Reproduce the listing in full, exactly as written, but without images.
=== Given data ===
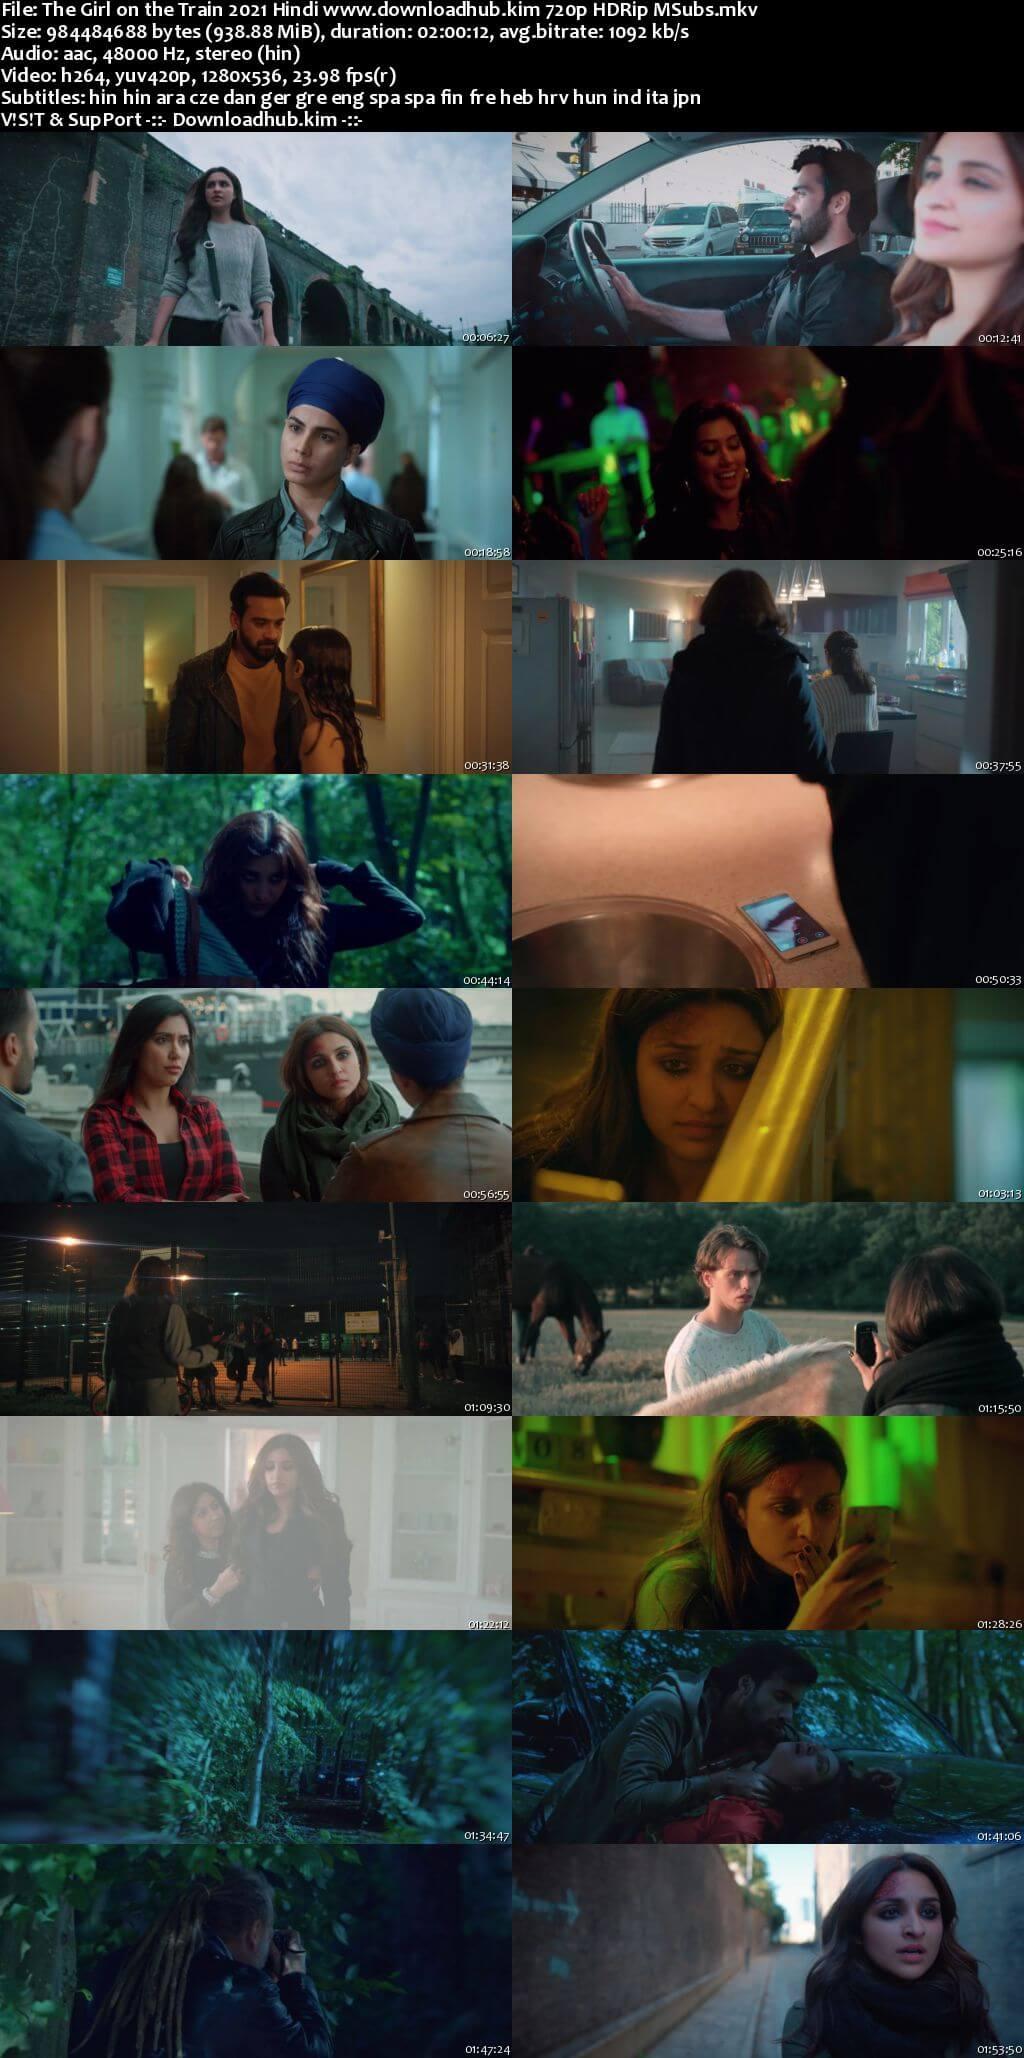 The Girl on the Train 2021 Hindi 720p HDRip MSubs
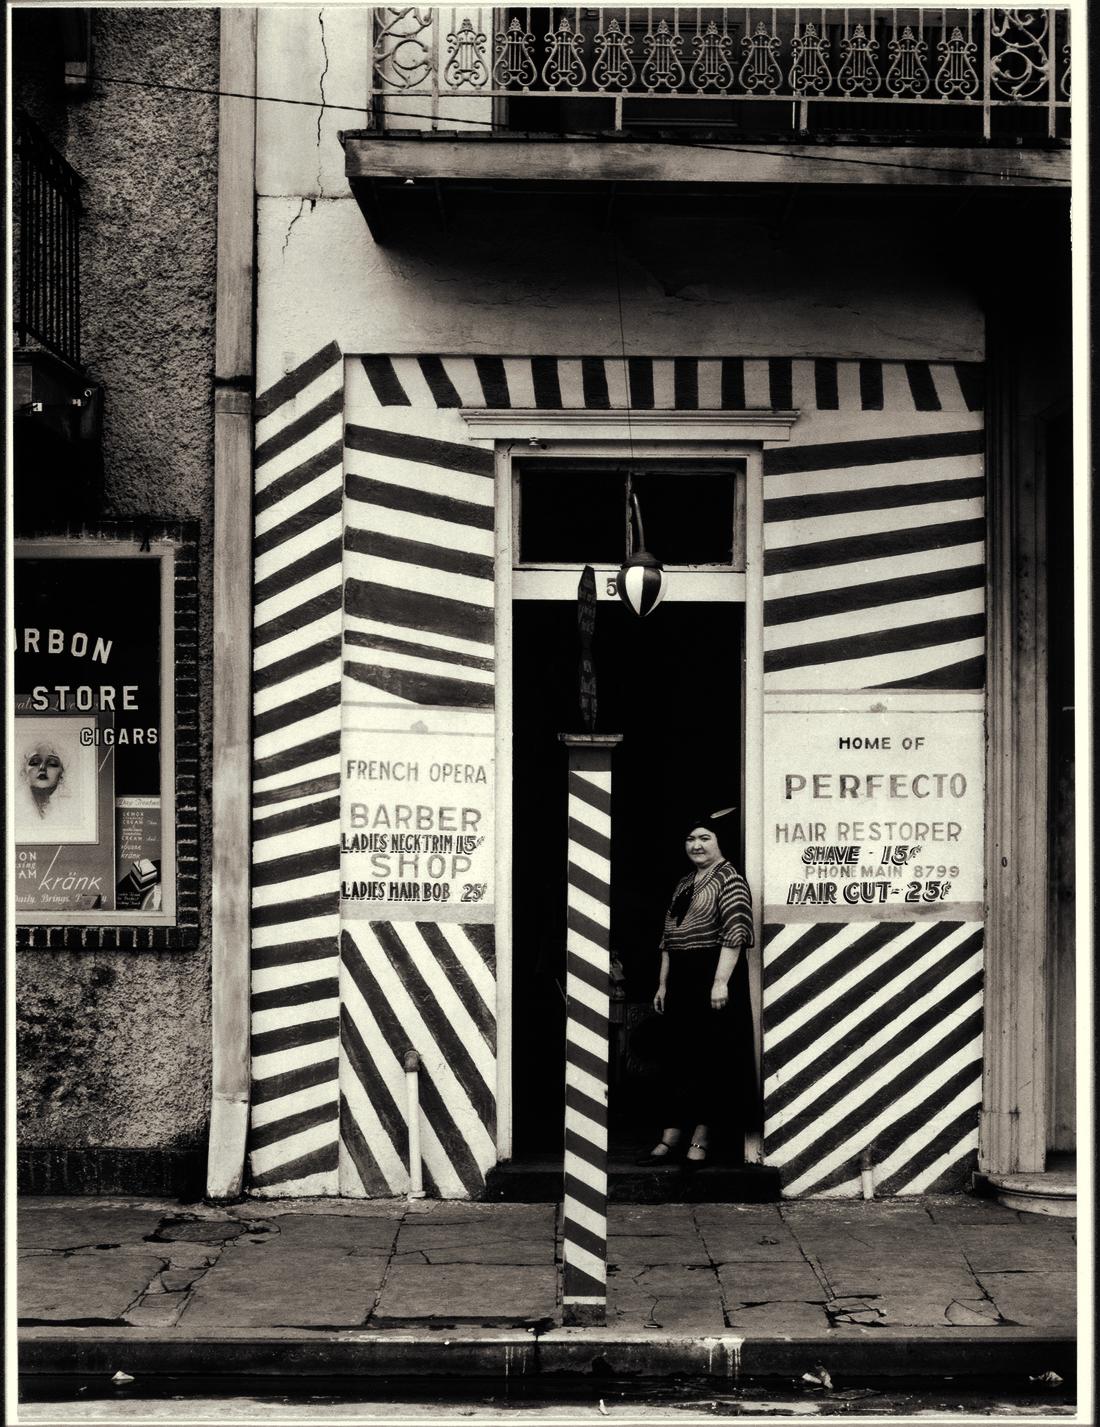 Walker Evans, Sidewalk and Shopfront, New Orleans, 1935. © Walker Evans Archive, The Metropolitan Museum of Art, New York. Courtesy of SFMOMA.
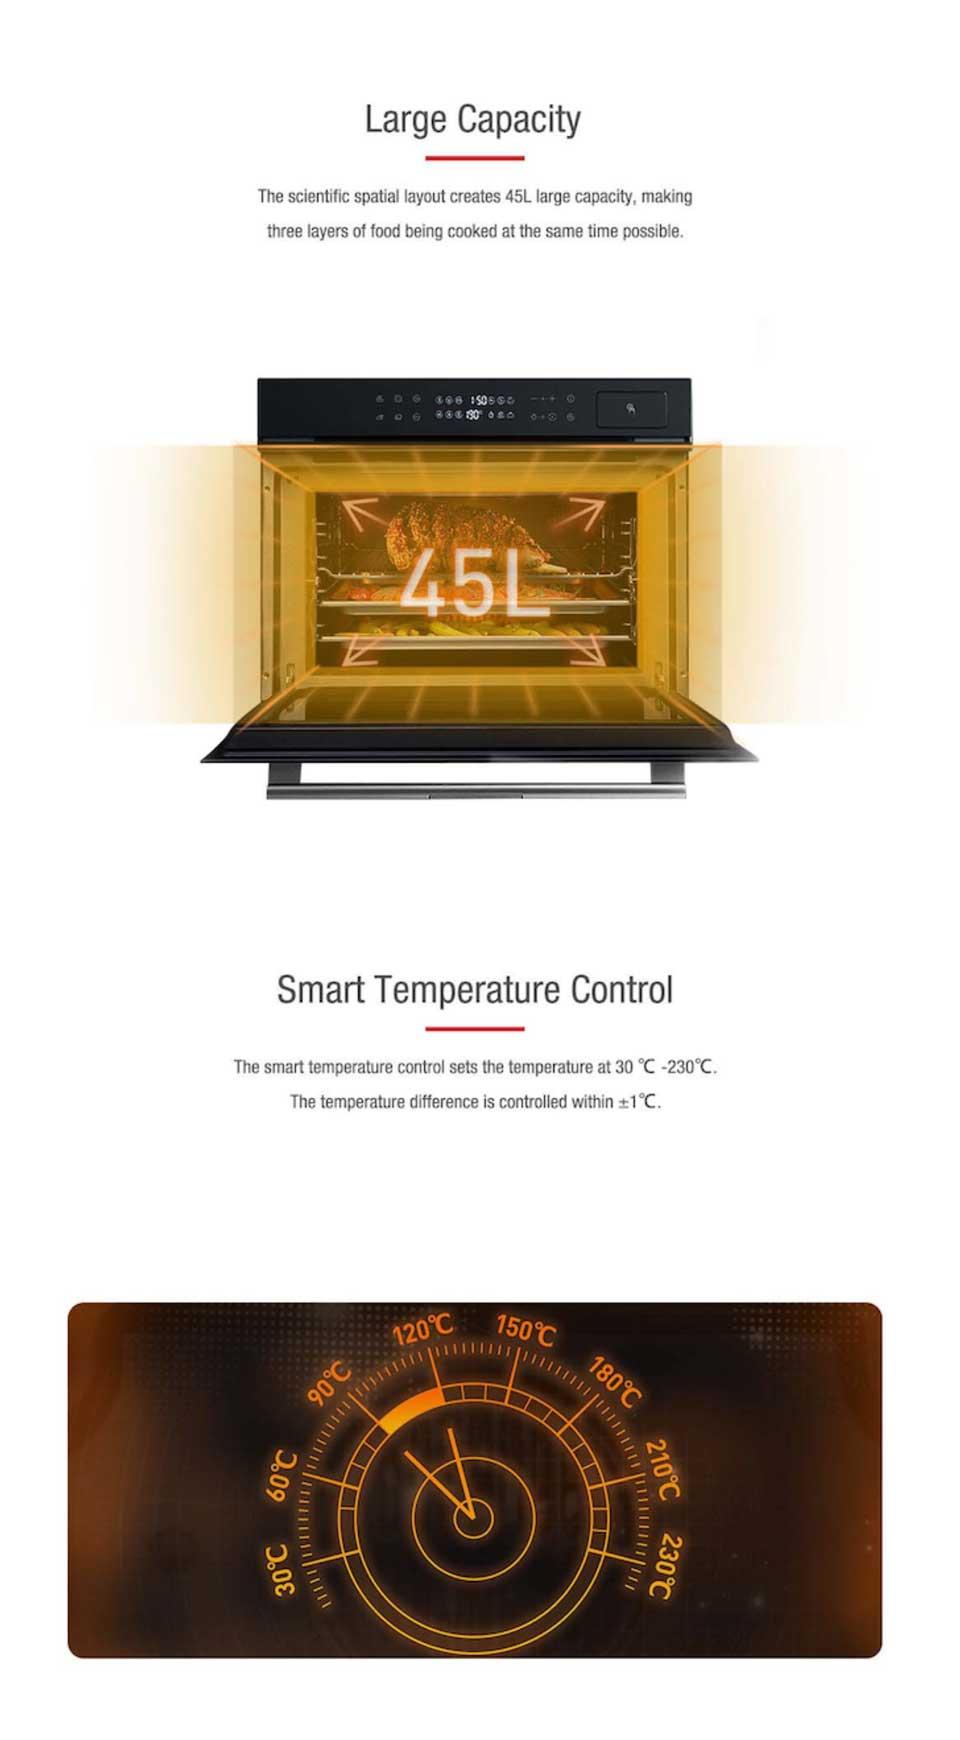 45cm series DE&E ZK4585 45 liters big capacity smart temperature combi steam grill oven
===
■ Reply ■
 The Girl on the Train 2021 Hindi 720p HDRip MSubs
 Walker Evans, Sidewalk and Shopfront, New Orleans, 1935. © Walker Evans Archive, The Metropolitan Museum of Art, New York. Courtesy of SFMOMA.
 45cm series DE&E ZK4585 45 liters big capacity smart temperature combi steam grill oven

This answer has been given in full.